• [TO DO]
With the pictures left out, restate exactly the part below that opens with the line containing "Order Your New Hybrid" and closes with the line containing "Disney Shoulder Bags".

• [RECORD EXCERPTS]
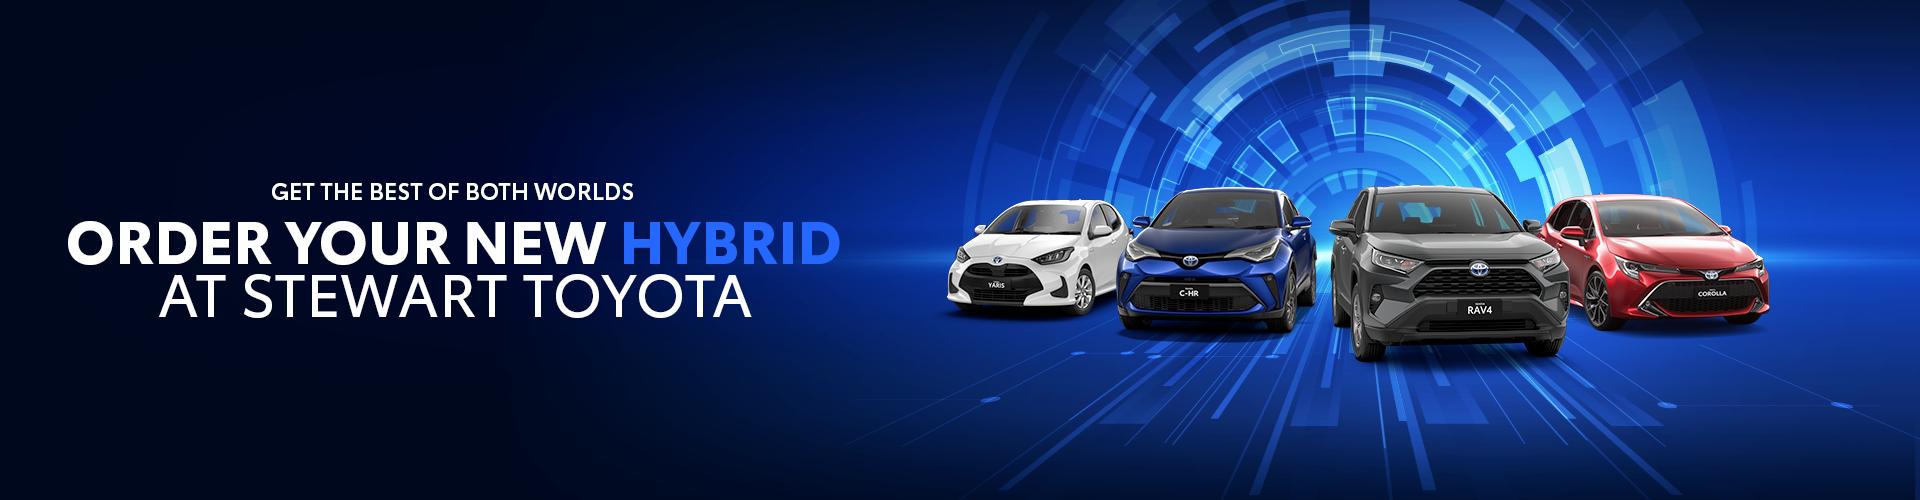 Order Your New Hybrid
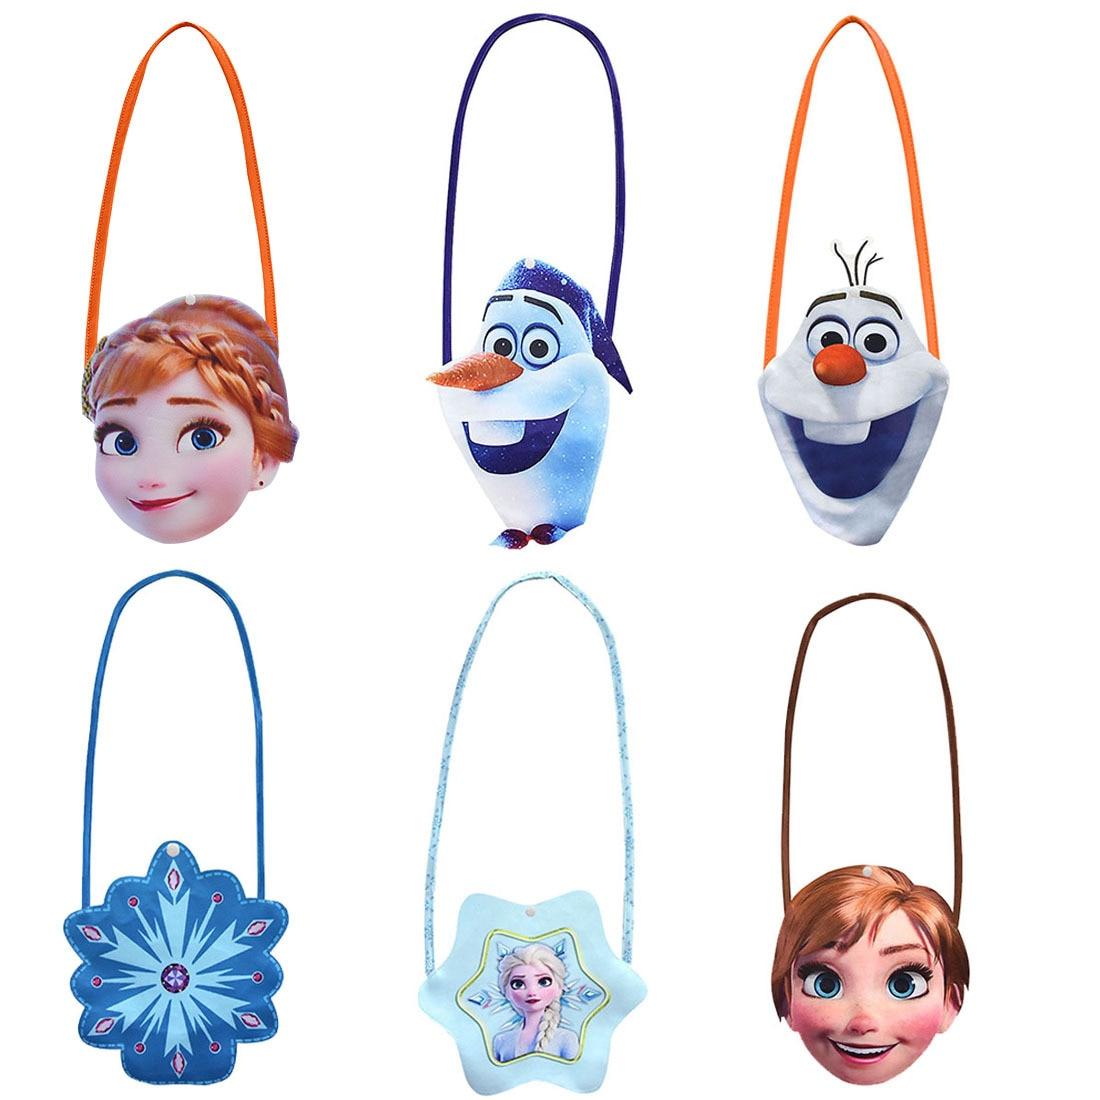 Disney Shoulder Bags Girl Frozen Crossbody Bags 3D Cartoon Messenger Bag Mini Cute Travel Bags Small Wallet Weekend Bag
==
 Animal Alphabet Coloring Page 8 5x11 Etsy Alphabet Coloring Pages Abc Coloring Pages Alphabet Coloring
---
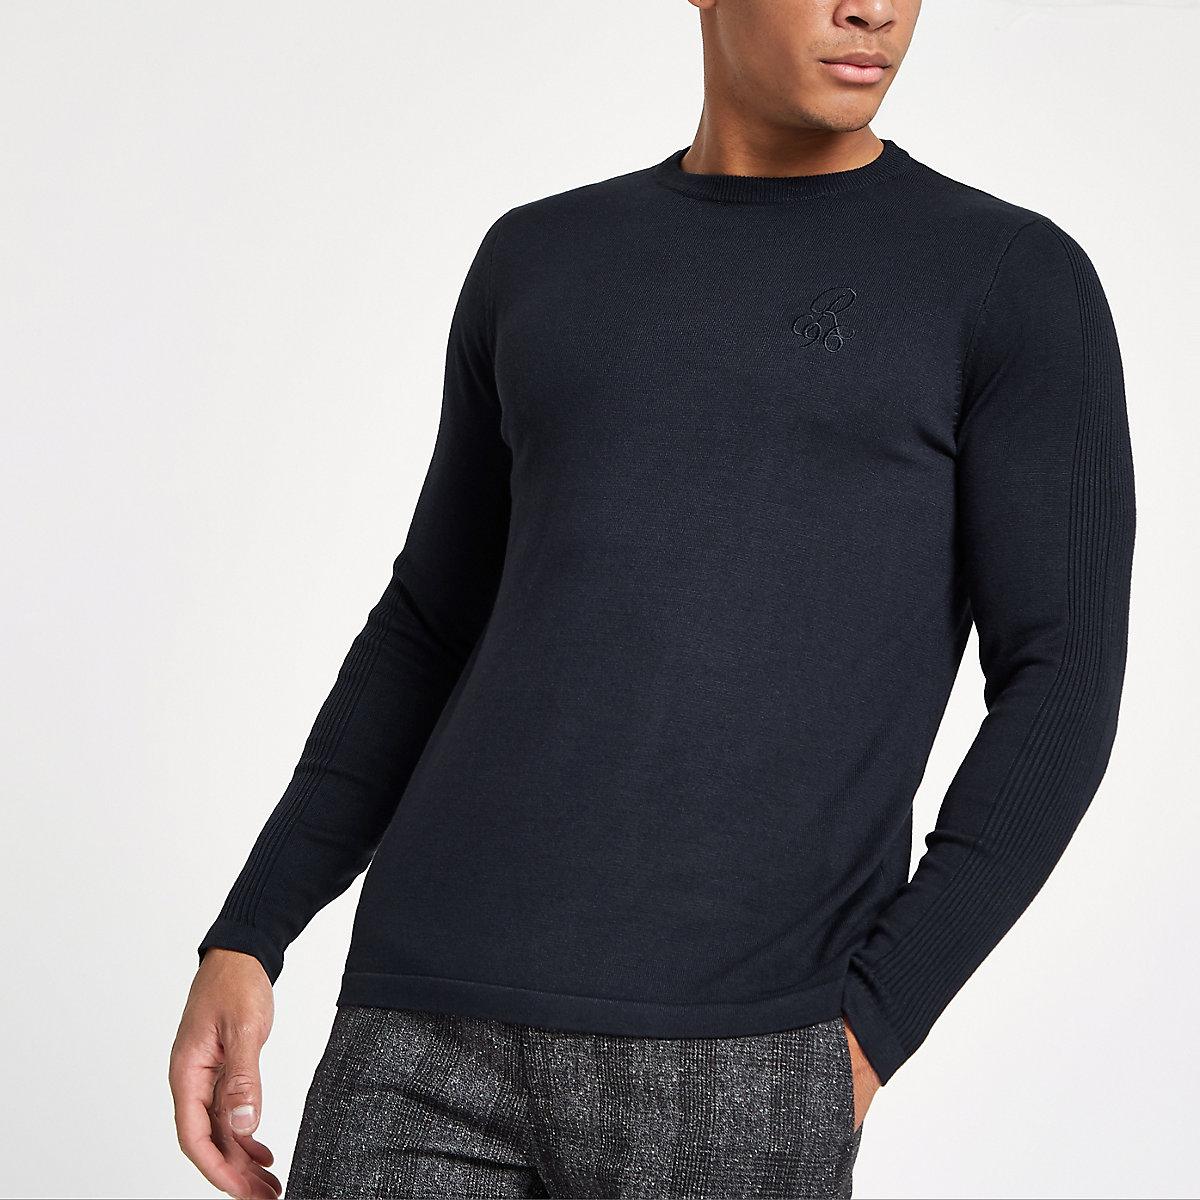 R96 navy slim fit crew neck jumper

• [RESULT]
 Order Your New Hybrid
 Disney Shoulder Bags Girl Frozen Crossbody Bags 3D Cartoon Messenger Bag Mini Cute Travel Bags Small Wallet Weekend Bag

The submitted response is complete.